Over time, Mt. Calvary failed to build their religious complex, the property decayed, and it was not secured from trespassers. The former Idora Park's remaining structures were eventually vandalized, destroyed by natural elements, or succumbed to arson.

===Calls for preservation===
By 1999, Conneaut Lake Park Management Group (which had taken over Conneaut Lake Park in Conneaut Lake, Pennsylvania; about 65 mi from Idora Park), attempted to negotiate the purchase of either the Jack Rabbit or Wild Cat from the property owners. Blueprints for both rides were still available, so they could be refurbished at Conneaut. The group also planned to purchase the complete merry-go-round from the owners in New York. These plans never materialized. The ballroom, Jack Rabbit, and Wild Cat remained unpreserved on the property.

===2001 fire===
On March 5, 2001, the final chapter to Idora Park's history was written when the Ballroom burned down. The fire reportedly started in the basement and was suspicious in nature. The Jack Rabbit and other remaining wooden structures were not destroyed by this fire. Days after the fire, an interview with the property owners stated that they "offered to allow (preservation groups) to take the roller coasters down as long as they funded it and had proper insurance and bonding". However, on July 26, 2001, the Wild Cat, Jack Rabbit, and all other decaying structures (all unsalvageable) were demolished by bulldozers to prevent any future fires. City officials had asked that the coasters be removed since they were hazardous to the public. Both the Jack Rabbit and Wild Cat were listed on the American Coaster Enthusiasts (ACE) preservation list. Inaction by the park property owners to preserve these remaining Idora Park historic structures ultimately led to their destruction. In a 2001 news conference following the Ballroom's messy asbestos cleanup, Mt. Calvary Pentecostal Church restated that: "This future complex (City of God) will only help the entire community but especially youth... hopes to break ground no later than next spring (2002). The entire project should take at least two years to complete." As of May 3, 2013, Mt. Calvary Pentecostal Church has yet to break ground on the "City of God" project.
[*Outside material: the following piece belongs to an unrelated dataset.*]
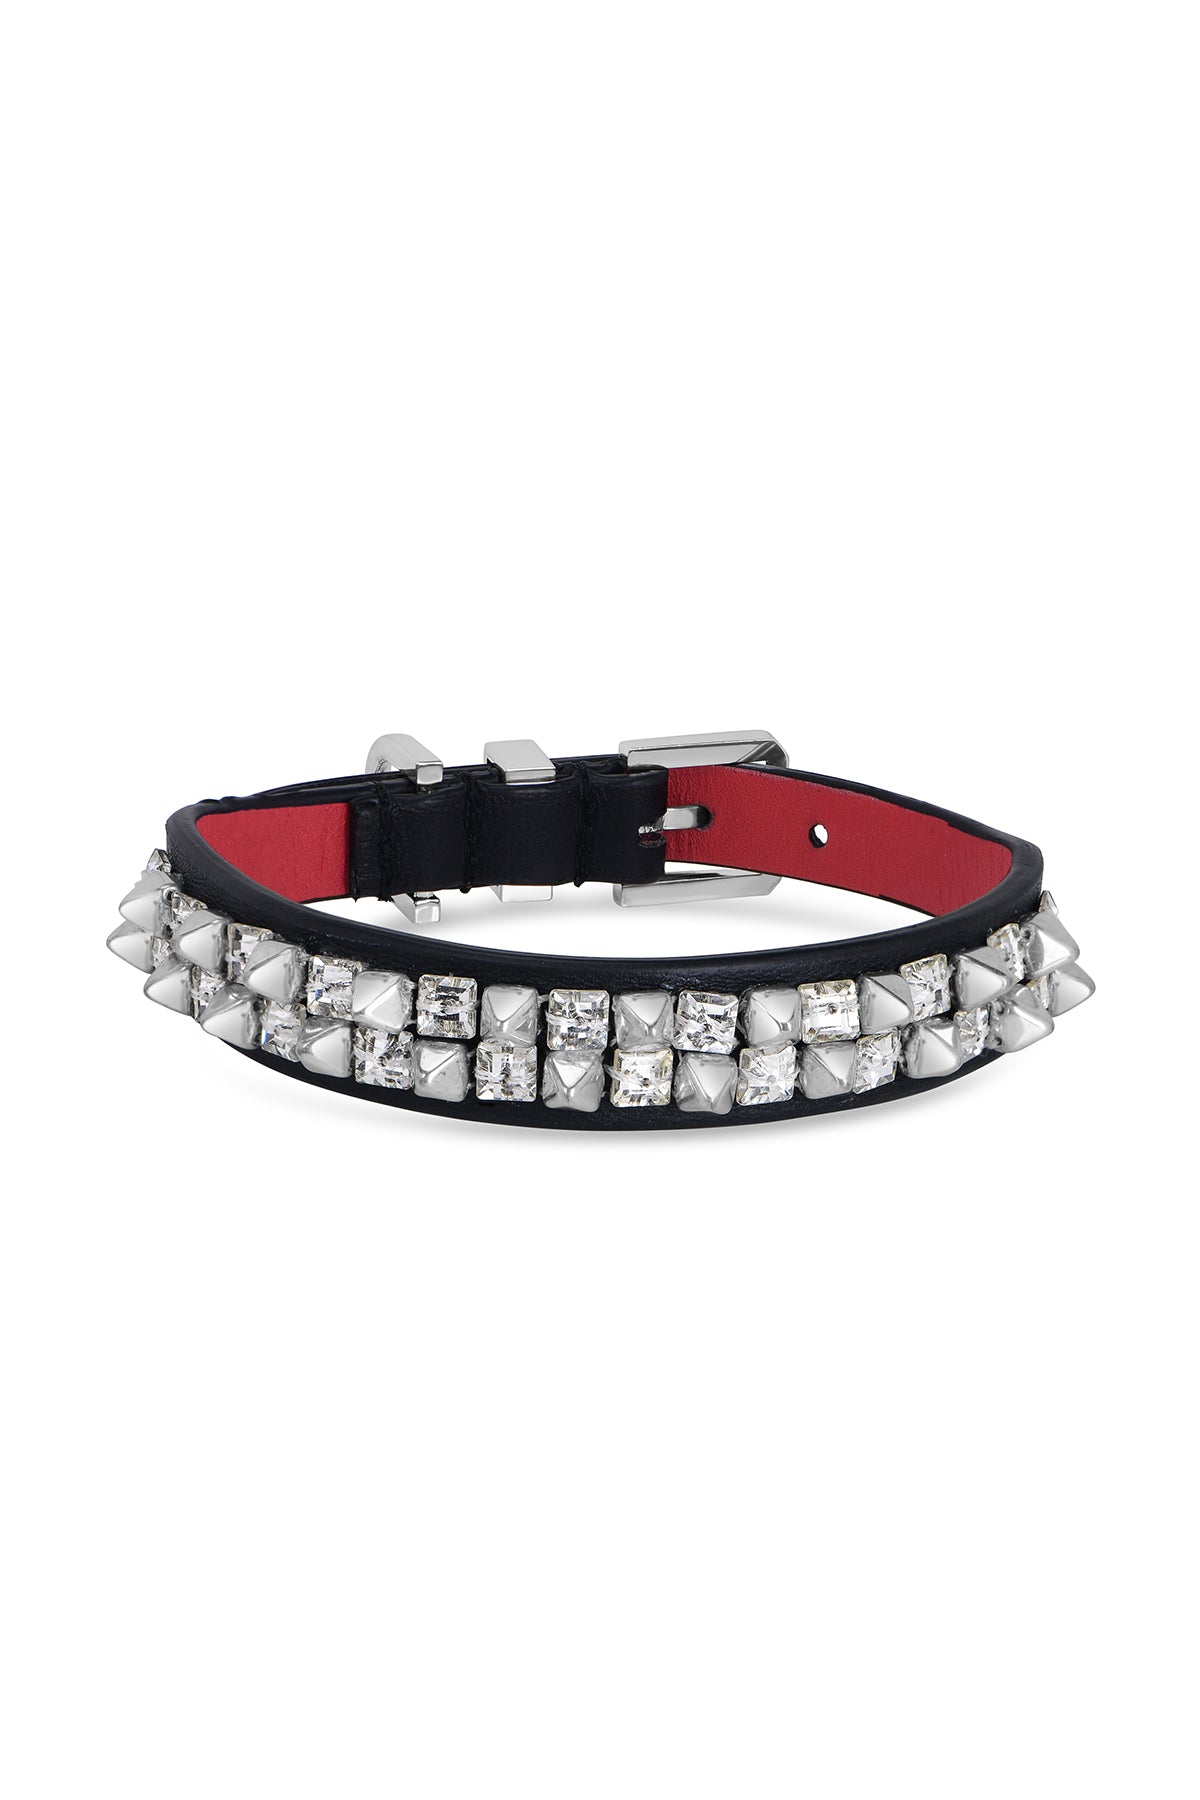 BOOTZY COUTURE | AVENUE OF THE STARS COLLAR

==Future development possibilities==
Although the property still belongs to Mt. Calvary Pentecostal Church, the land is vacant of buildings, and City of God project was never realized. "The Mahoning County Common Pleas Court dismissed the delinquent tax case against the owners of the former Idora Park...." The case was dismissed because one of the parties named in the suit, Teen Missions International, Inc. of Merritt Island, Florida, paid the delinquent taxes on behalf of Mt. Calvary Church. Teen Missions International helps churches and other religious organizations with financing different projects. Teen Missions has loaned nearly $1.2 million to Mount Calvary over a period of time to help develop the Idora property. Mt. Calvary Church subsequently filed for Chapter 11 bankruptcy by February 2017, with the majority of the outstanding debt being related to the delinquent taxes on the Idora Park property.

The Youngstown 2010 redevelopment and city revitalization plans have also stated their interest in acquiring the property to utilize it as a green space extension of nearby Mill Creek Park. These plans are on hold until the city can obtain the property from the Church (possibly through eminent domain), or alternative ownership acquires the property from the Church's outstanding $1.5 million lawsuit.

In April 2014, Jim and Toni Amey of nearby Canfield, Ohio, owners of many Idora Park artifacts, opened a museum next to their house called The Idora Park Experience, showcasing many of the artifacts. The museum opens approximately twice a year, and also sells commemorative items related to the park. Following the Mt. Calvary Church's bankruptcy filing, the owners of the museum told the bankruptcy court that they planned on making a bid for the property, valued at $52,000. Despite offering more money than the property was worth, Mt. Calvary Church refused to sell the property, though the couple hoped that bankruptcy court would force a sale by public auction.